Against that hope, she throws herself into her studies, the only field in which she exercises some measure of control. In class, she forgoes her Ace bandage to take limitless notes, reassuring her teachers that the arthritis has temporarily lifted, though she still makes a point of conspicuously massaging her joints once in a while. Her rising grades put her at the head of the class, even above Fish, who struggles to maintain his class performance in tandem with his participation in Outdoors Club, Amnesty International, Physics Club, Glee Club, Multicultural Club, and golf. She and Fish are like two converts to different denominations, he fully devoted to his mother’s dream of an Ivy League school, she devoted to her books, both unwilling to see the similarity in their pursuits. Anju wonders if her success has contributed to his avoidance of her, a thought that leads her to study doubly hard. Surpassing him is the only way to wound him, to remind him that she exists.
She also finds time to visit Mr. Tandon’s office again, where she hands over all the money she has left, $900, which includes the rest of the George de Brigard award plus $400 she drew from her scholarship stipend. This leaves her with $25 in spending money for the next two months, but having no one with whom to socialize, she barely notices the loss. Bird promises that she will persuade Mr.
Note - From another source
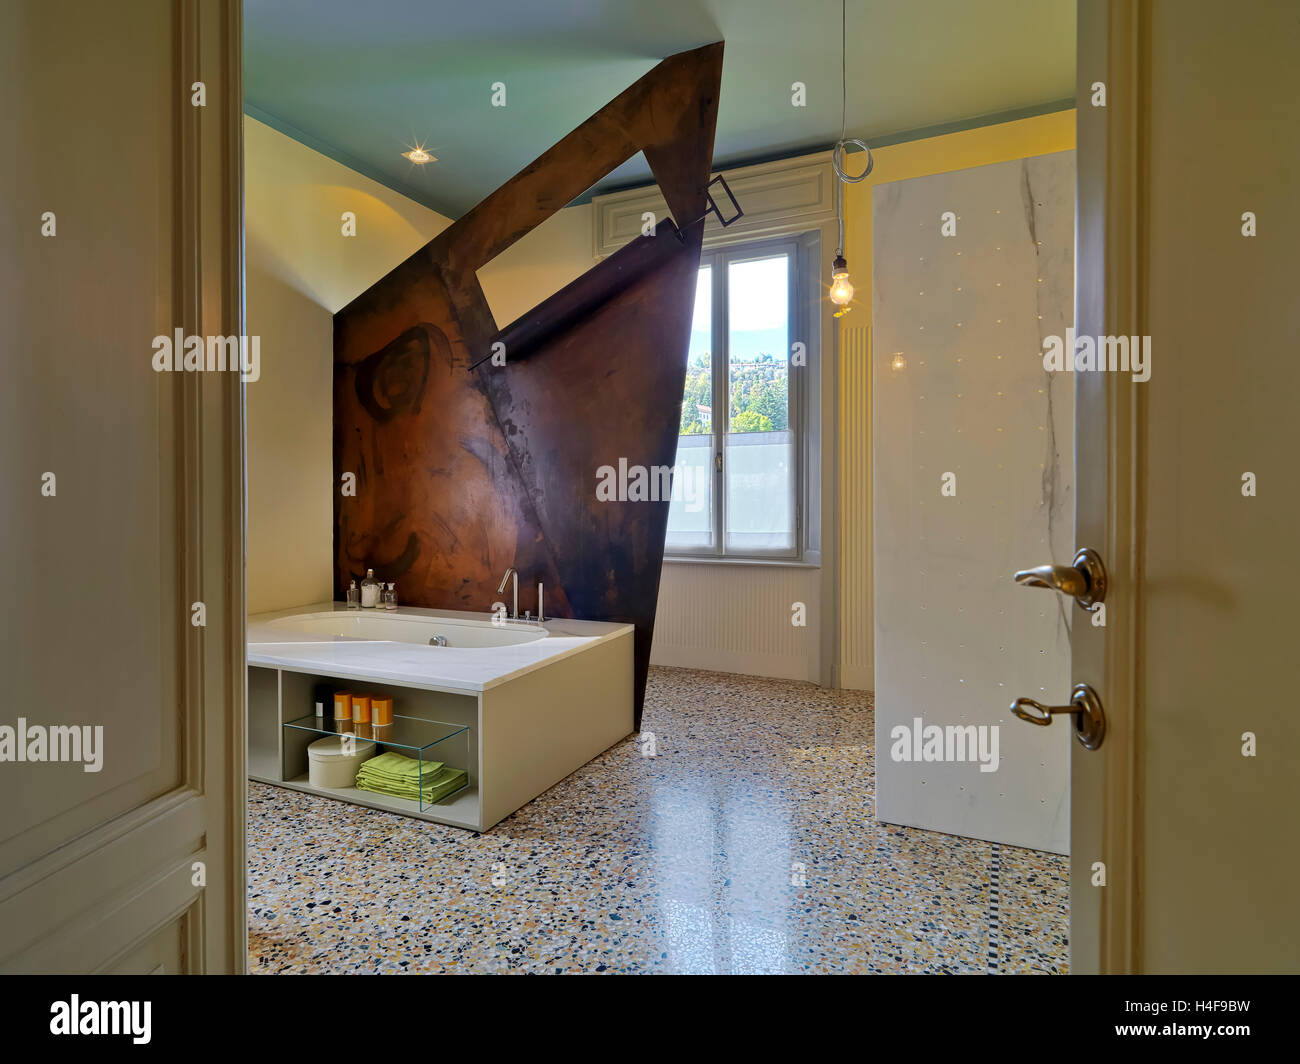 interior view of a modern bathroom with bathtub and marble floor Stock Photo

Tandon to waive the rest of his fee. “Think of it as an investment,” Bird tells her. “We will file the application this week itself.”
In the meantime, Anju bends over her textbooks until her lower back aches, until her head swims with Civil War battle names and algebraic equations. She binds each fact to her memory and plows forward into future pages. Studying, too, is a kind of war, and each chapter a territory to be conquered. While so engaged, she hardly lets herself think about the doubt that needles her, that Fish might not be the person, or the poet, she thought he was.
WITH HER RISING GRADES, Anju is unsurprised to arrive at school and find a note from Miss Schimpf wedged into the slats of her locker. “Please see me in my office.” At least Anju’s work ethic is finally being noticed by someone, if not Fish.
She trudges down the hall, around clumps of students and boulderlike backpacks and exclusive conversations. The door to Principal Mitchell’s office is open in welcome to students who do their best to ignore it, lest they be dragged into a chat. For her part, Anju looks forward to a chat now and then, even if Principal Mitchell simply asks about her homework. Anju glances in, disheartened by the empty desk chair.